Many unusual things have happened on the TED stage over the years. Our incredible speakers have done everything from perform magic tricks to attempt to set themselves on fire, all in the name of spreading their ideas. Although far from a complete list, here are some of the weirdest TED moments that we still haven’t stopped puzzling over. To many more in 2015.
1. Hans Rosling: data genius and… sword swallower? He’s given 10 TED talks about global progress, so we thought we had seen everything Hans Rosling was capable of. But at TED 2007, we learned that Rosling had a few tricks left up his sleeve. In this talk, he presented new data about developing nations with his usual enthusiasm and awesome graphics … but then things took a turn. At the 17-minute mark, Rosling unbuttoned his shirt to reveal a sequined tank top. He said to an off-stage assistant, “Bring me my sword!” To prove that the seemingly impossible is indeed possible, Rosling swallowed the solid steel bayonet. And we’ll never think about global development in the same way again.
2. This is what happens when you donate your brain to science. Neuroanatomist Jill Bolte Taylor’s talk is stunning for many reasons—her story of what it was like to experience a massive stroke will make your heart stop. But she makes this list for her very notable prop choice. At 2:30, Taylor holds up an actual human brain, its still-attached spinal cord swinging merrily below. As she shows how it is positioned in the human body, she firmly makes the point that our amazing minds are also, and at the same time, kind of a blob of gray goo.

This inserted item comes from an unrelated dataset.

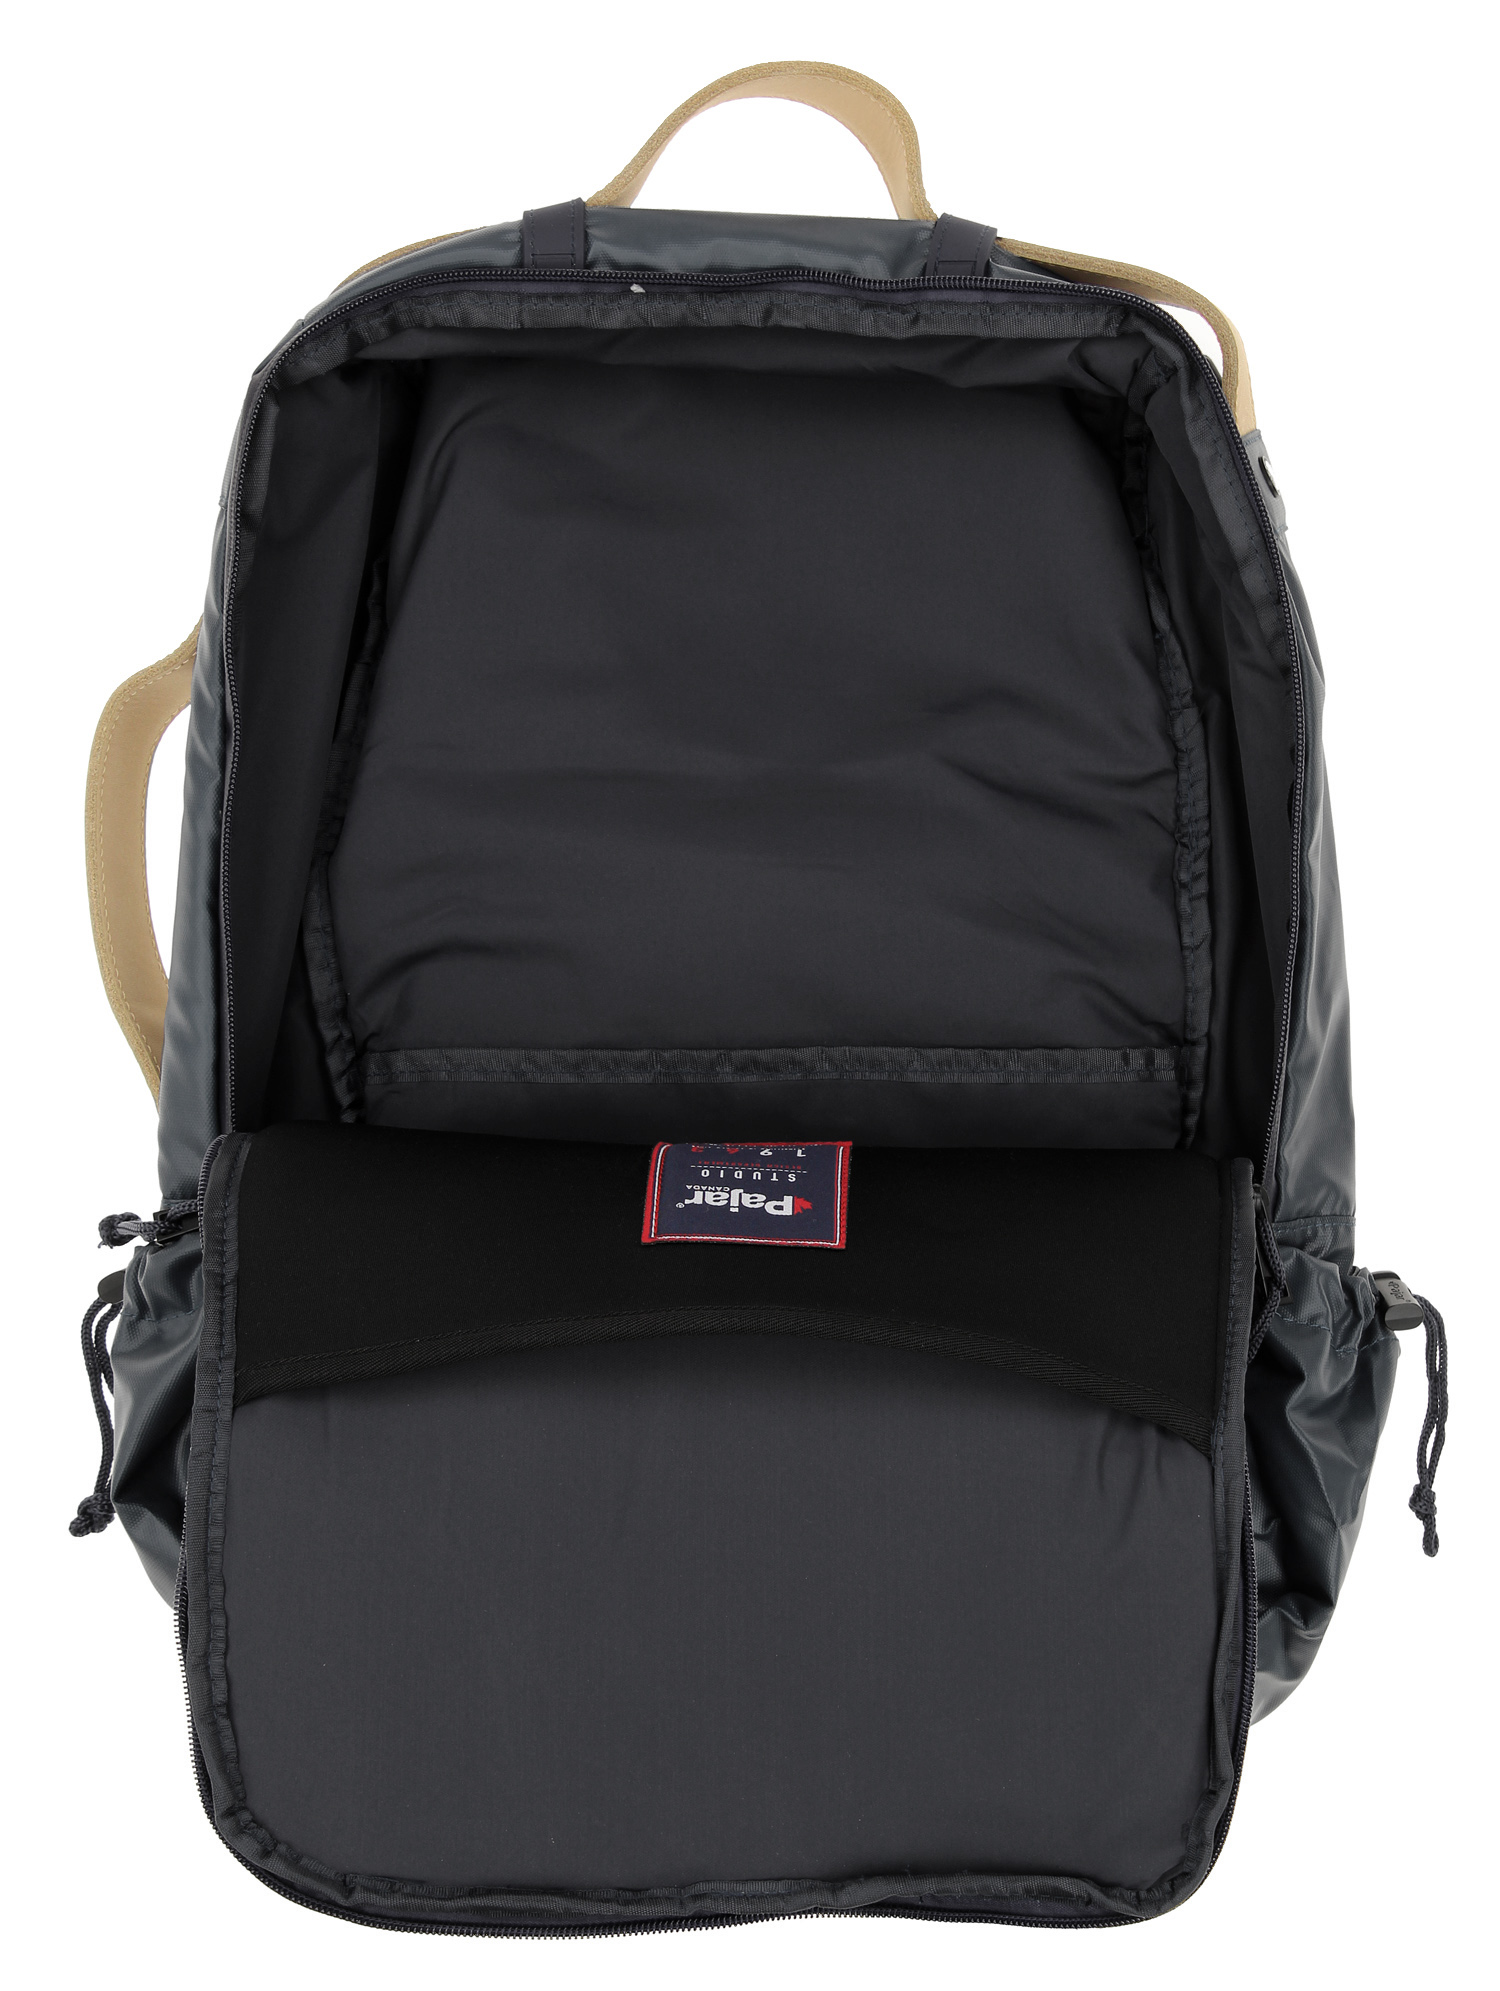 Pajar Cyber Waterproof Backpack, Black | eBay

3. The story of a man and his dead duck. Ornithologist Kees Moeliker won the Ig Nobel prize for inspiring future generations of scientists with a strange but serious paper about the mallard’s inclination toward homosexual necrophilia. During his talk at TED2013, Moeliker shared the odd story behind his research… and handed an audience member the stuffed dead duck that inspired it. Before leaving the stage, he politely asked for the duck back, as it is technically a museum specimen.
4. Elizabeth Pisani makes like a condom dispenser. People in the front row during Pisani’s talk at TED2010 got some sweet freebies: the public health advocate threw a handful of condoms into the audience. As she criticized Pope Benedict’s discouragement of contraception use in nations struggling to slow the spread of HIV, she said, “I’ve got news for you, Benedict. I carry condoms all the time and I never get laid!” She then pulled a wad of the prophylactics out of her pocket and tossed them with flair. “Here, maybe you’ll have better luck.”
5. Mark Ronson remixes TED Talks. At TED2014, Ronson sampled clips from a bunch of TED Talks into a bizarre and catchy remix. He showed how sampling helps musicians make something new out of a piece of media they love—injecting new layers into a story already in progress—and extended this concept to his favorite talks. “Sir Ken Robinson and I are not going to end up being the best of friends,” Ronson said regretfully, “but through the tools available to me… I can sort of bully our existences into a shared event.”
6. Eric Mead impales himself on stage… maybe? We know that magician Eric Mead did not actually stab himself in the arm with a hat pin—his talk was about the placebo effect and how people can believe anything if it seems real enough. But the blood dripping down his arm at the 8-minute mark of this talk looked pretty darn convincing. Be warned: this talk is not for the faint of heart.
7. Jae Rhim Lee redefines funeral fashion. Some TED speakers are known for dramatic wardrobe choices. But TED Fellow Jae Rhim Lee’s mushroom burial suit is perhaps the strangest ensemble to grace the TED stage. Covered with mushroom spores, the hooded black cloth suit encourages environmentally friendly decomposition of the human body after death. She lovingly refers to the suit as her “ninja pajamas.”
8. A TED Talk extends to The New York Times crossword puzzle. David Kwong is a magician as well as a crossword puzzle constructor—but when he started his talk, we didn’t see his crazy trick coming. At the 4-minute mark, Kwong pulled a volunteer out of the audience and asked her to color in some farm animal cartoons. At 9:20, he revealed that he had correctly predicted which colors she would choose for which animal … and baked the answers into that day’s edition of The New York Times crossword. Never has hearing “But wait, there’s more!” been so satisfying. (And hear why Will Shortz decided to participate in this trick.)
9. Bart Knols gives his talk… in his underwear. What’s more annoying than a mosquito bugging you while you’re in bed? To remind us of this, malariologist Bart Knols started his TEDx talk from a bed onstage. He emerged from under the covers to share the details of his research on the spread of malaria … aaaand he never stopped to put on pants. Also notable: watching hundreds of mosquitoes feed on his arm in a metal box on stage, at the 8:09 mark.
10. This is what happens when your slides won’t load . Colin Robertson took the stage at TED2012 to plug his tech start-up in the field of solar technology, or so the audience thought. But when his slides froze, the next three minutes turned into colorful pandemonium — as Improv Everywhere pounced onstage in rainbow morph suits to produce a dancing tribute to the spinning wheel of doom.